# 貪欲法(Greedy algorithm)で問題を解く

c++algorithm

## Best Time to Buy and Sell Stock II - LeetCode

Say you have an array for which the ith element is the price of a given stock on day i.
Design an algorithm to find the maximum profit. You may complete as many transactions as you like (i.e., buy one and sell one share of the stock multiple times).

Example 1:
Input: [7,1,5,3,6,4]
Output: 7
Explanation: Buy on day 2 (price = 1) and sell on day 3 (price = 5), profit = 5-1 = 4.
Then buy on day 4 (price = 3) and sell on day 5 (price = 6), profit = 6-3 = 3.

class Solution {
public:
int maxProfit(vector<int>& prices) {
if (prices.size() <= 1) {
return 0;
}
int ret = 0;
int buyidx = 0;
for (int i = 1; i < prices.size(); i++) {
if (prices[i] >= prices[i-1]) {
continue;
}
ret += prices[i-1] - prices[buyidx];
buyidx = i;
}
ret += prices[prices.size()-1] - prices[buyidx];
return ret;
}
};

Wiggle Subsequence - LeetCodeも同様に解ける。

## Jump Game - LeetCode

Given an array of non-negative integers, you are initially positioned at the first index of the array.
Each element in the array represents your maximum jump length at that position.
Determine if you are able to reach the last index.

Example 1:
Input: [2,3,1,1,4]
Output: true
Explanation: Jump 1 step from index 0 to 1, then 3 steps to the last index.

class Solution {
public:
bool canJump(vector<int>& nums) {
int pos = nums.size() - 1;
for (int i = nums.size() - 2; i >= 0; i--) {
if (pos <= i + nums[i]) {
pos = i;
}
}
return pos == 0;
}
};

## Jump Game II - LeetCode

Jump Gameの最短ジャンプ回数を返す版。

Given an array of non-negative integers, you are initially positioned at the first index of the array.
Each element in the array represents your maximum jump length at that position.
Your goal is to reach the last index in the minimum number of jumps.

Example:
Input: [2,3,1,1,4]
Output: 2
Explanation: The minimum number of jumps to reach the last index is 2.
Jump 1 step from index 0 to 1, then 3 steps to the last index.

class Solution {
public:
int jump(vector<int>& nums) {
if (nums.size() <= 1) {
return 0;
}
int pos = nums.size() - 1;
deque<int> stops = {pos};
for (int i = nums.size() - 2; i >= 0; i--) {
if (pos <= i + nums[i]) {
stops.push_back(pos);
pos = i;
while(stops.size() >= 2) {
if (stops[stops.size() - 2] > i + nums[i]) {
break;
}
stops.pop_back();
}
}
}
return stops.size();
}
};

## 区間スケジューリング問題

N個のタスクがあります。

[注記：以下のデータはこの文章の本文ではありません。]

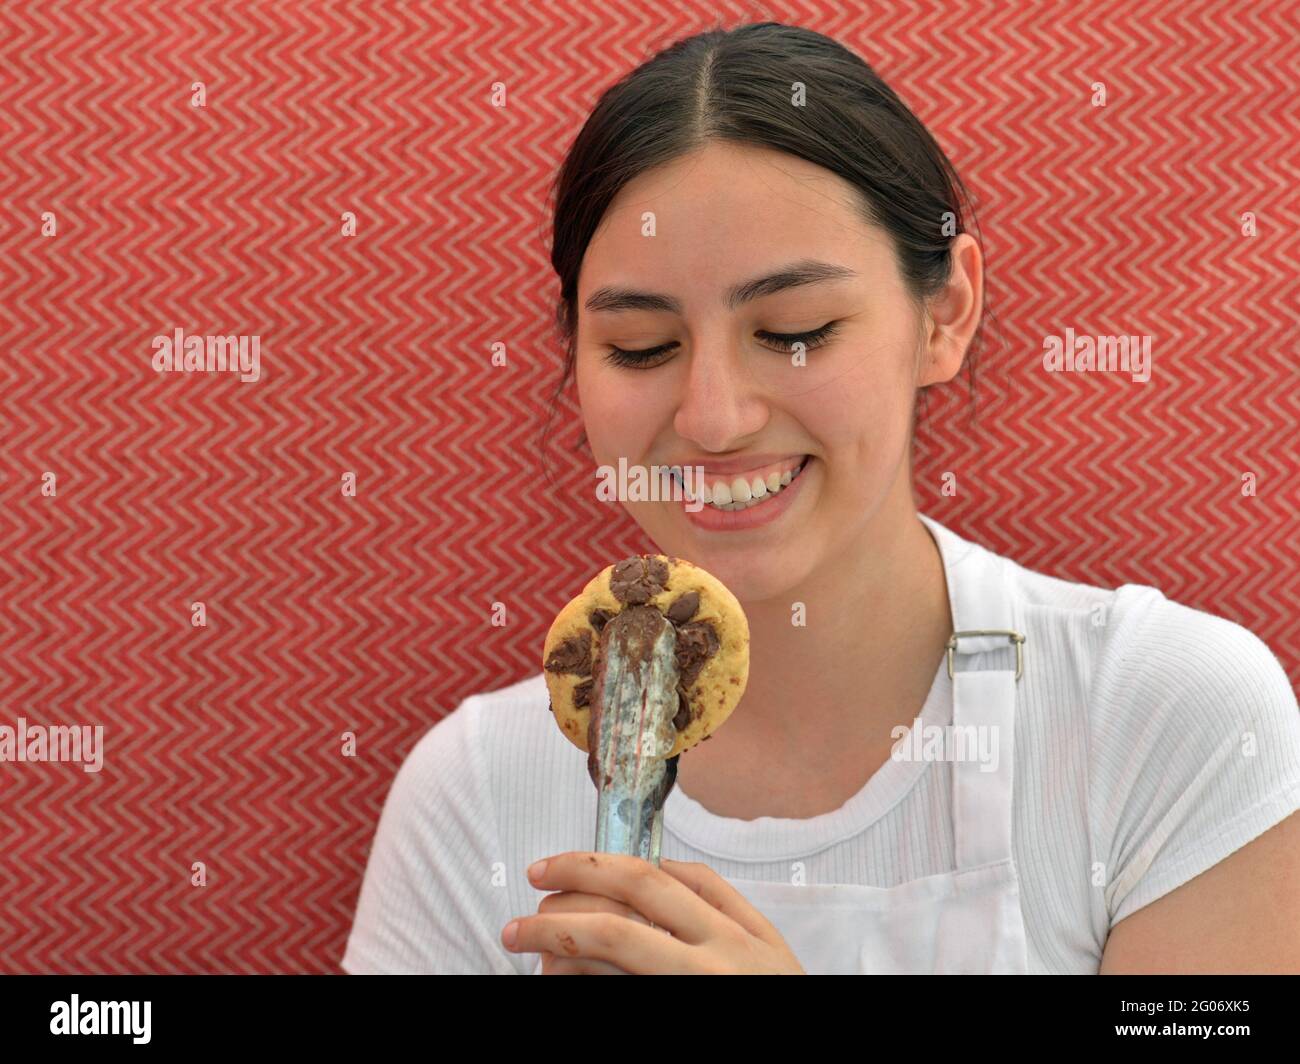 Junge charmante Brünette Verkäuferin lächelt und schaut auf einen frisch gebackenen Gourmet-Chocolate-Chip-Cookie in einer Essenzange vor einem roten Hintergrund. Stockfoto
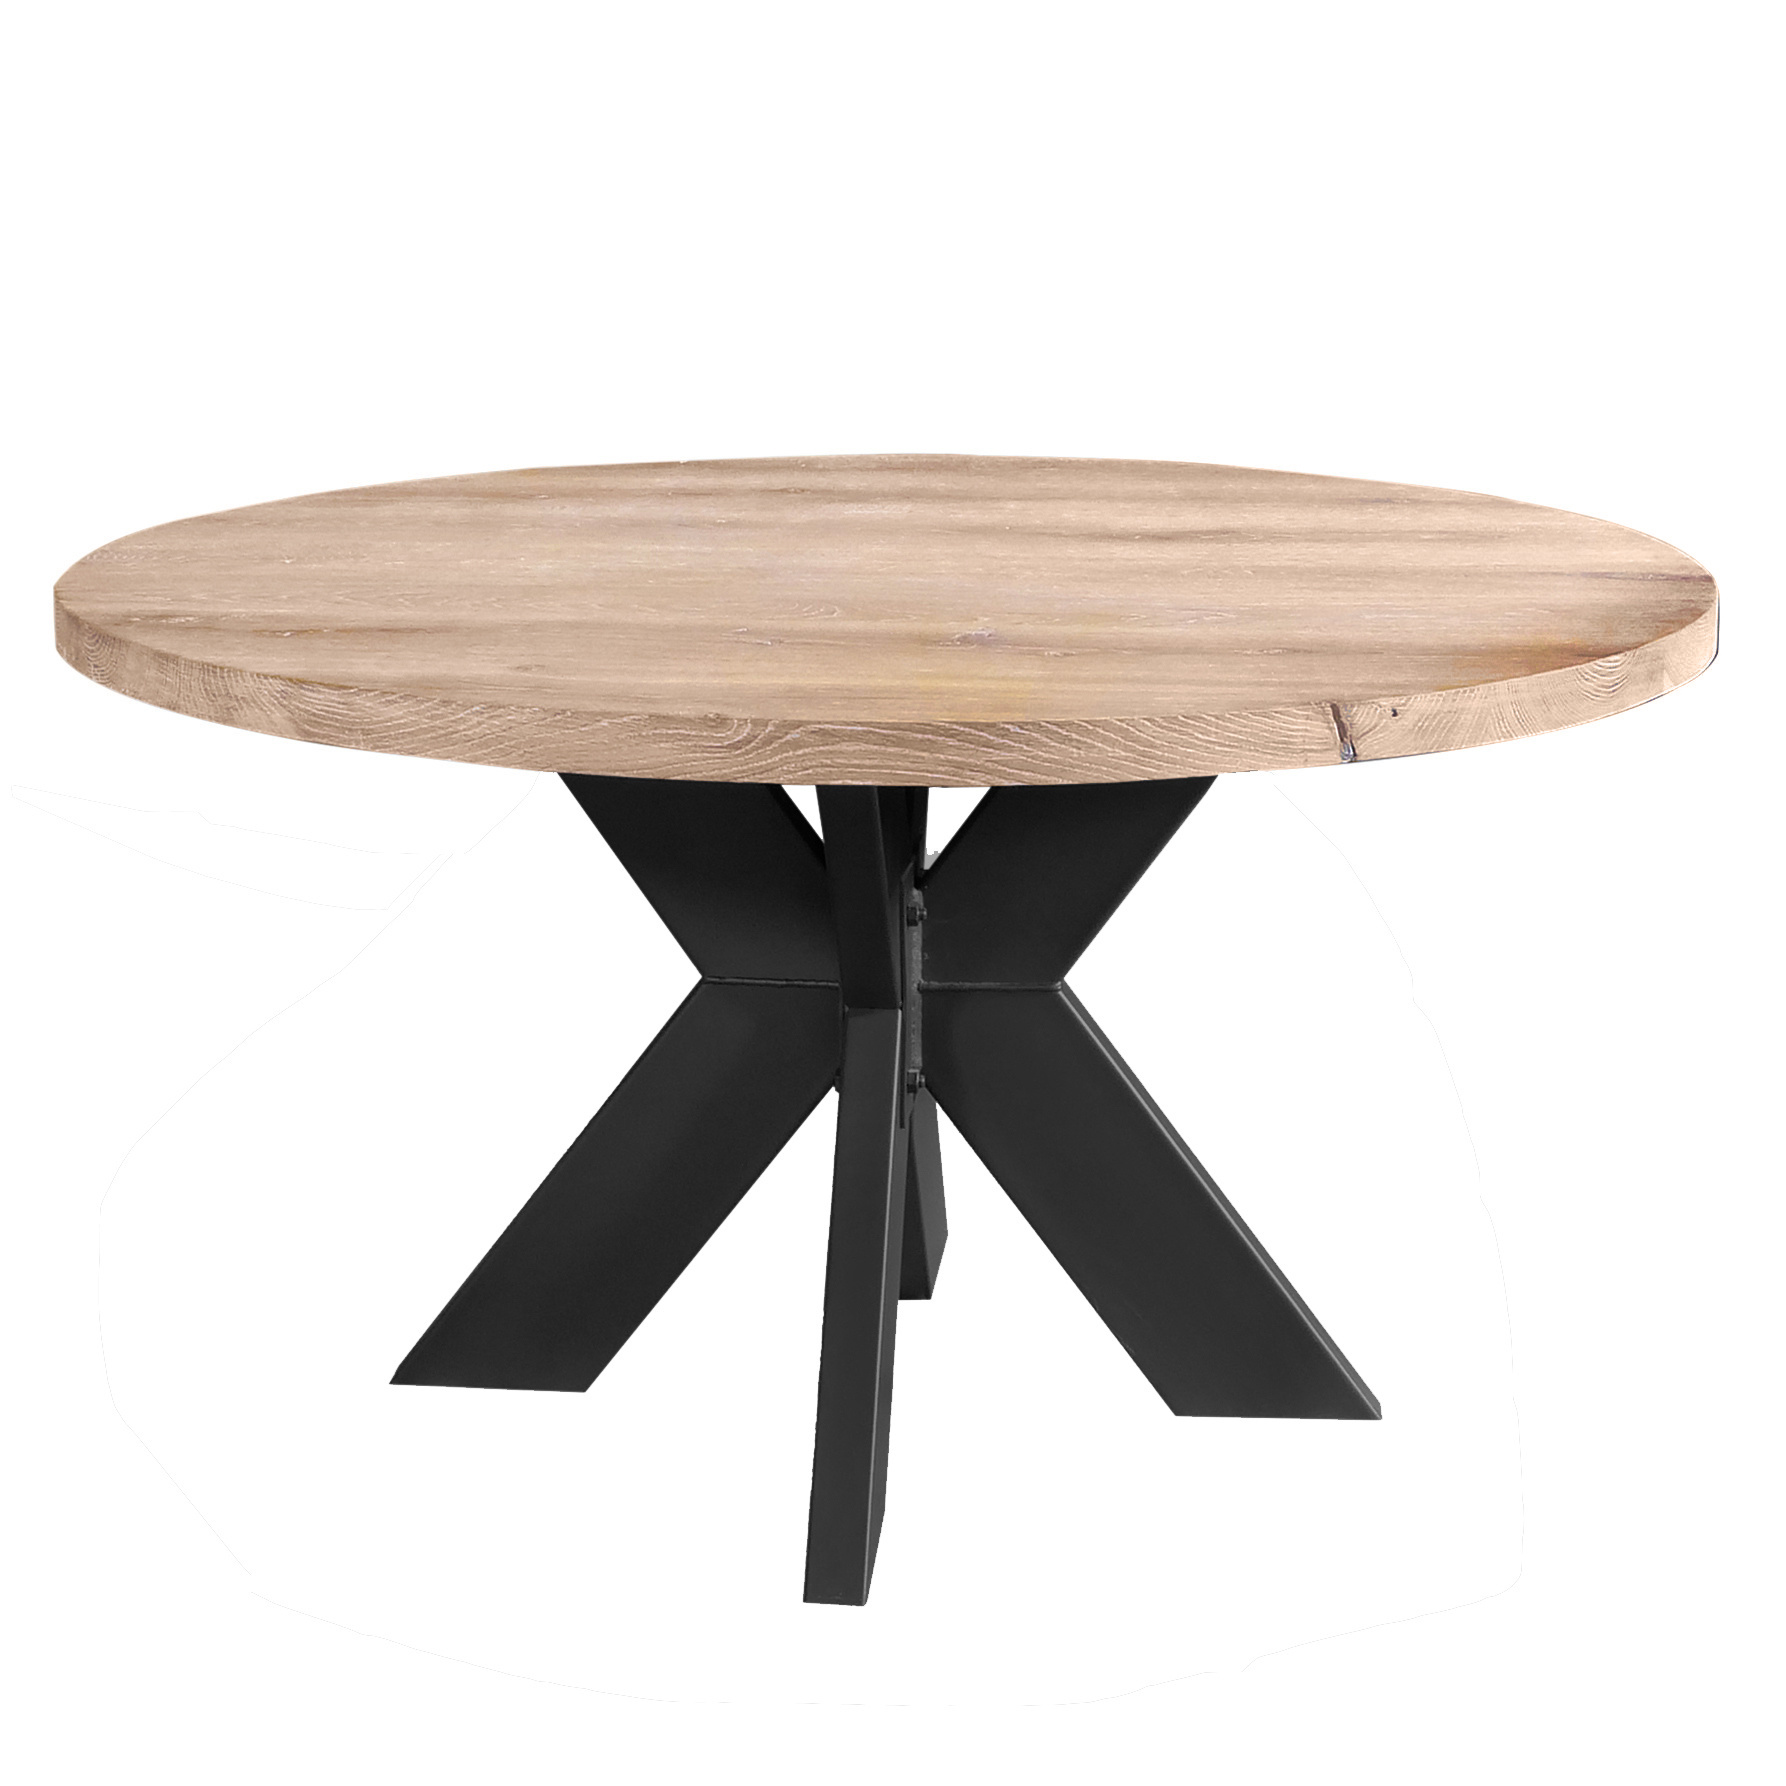  Tischplatte Eiche rund nach Maß - 8 cm dick (2-lagig) - Eichenholz A-Qualität - Durchmesser: 30 - 180 cm - Eiche Tischplatte rund massiv - verleimt & künstlich getrocknet (HF 8-12%)

i個目のタスクは A_i日目の朝に始まり、B_i日目の夜に終わります。その間の日は全てそのタスクに専念する必要があります。
あなたはこれらのタスクを自由に選んで実行することができます。ただし、同じ日に複数のタスクを行うことはできません。実行可能なタスクの個数の最大値を求めてください。

struct Task{
int start;
int end;
bool operator<(const Task& other) {
return end < other.end;
}
bool operator<=(const Task& other) {
return end <= other.end;
}
};

int main() {
int N;
cin >> N;
vector<Task> tasks;
for(int i = 0; i < N; i++) {
int a, b;
cin >> a >> b;
tasks.push_back(Task{start: a, end: b});
}
sort(tasks.begin(), tasks.end());
int ret = 0, time = 0;
for(auto task: tasks) {
if (task.start > time) {
ret++;
time = task.end;
}
}
cout << ret << endl;
return 0;
}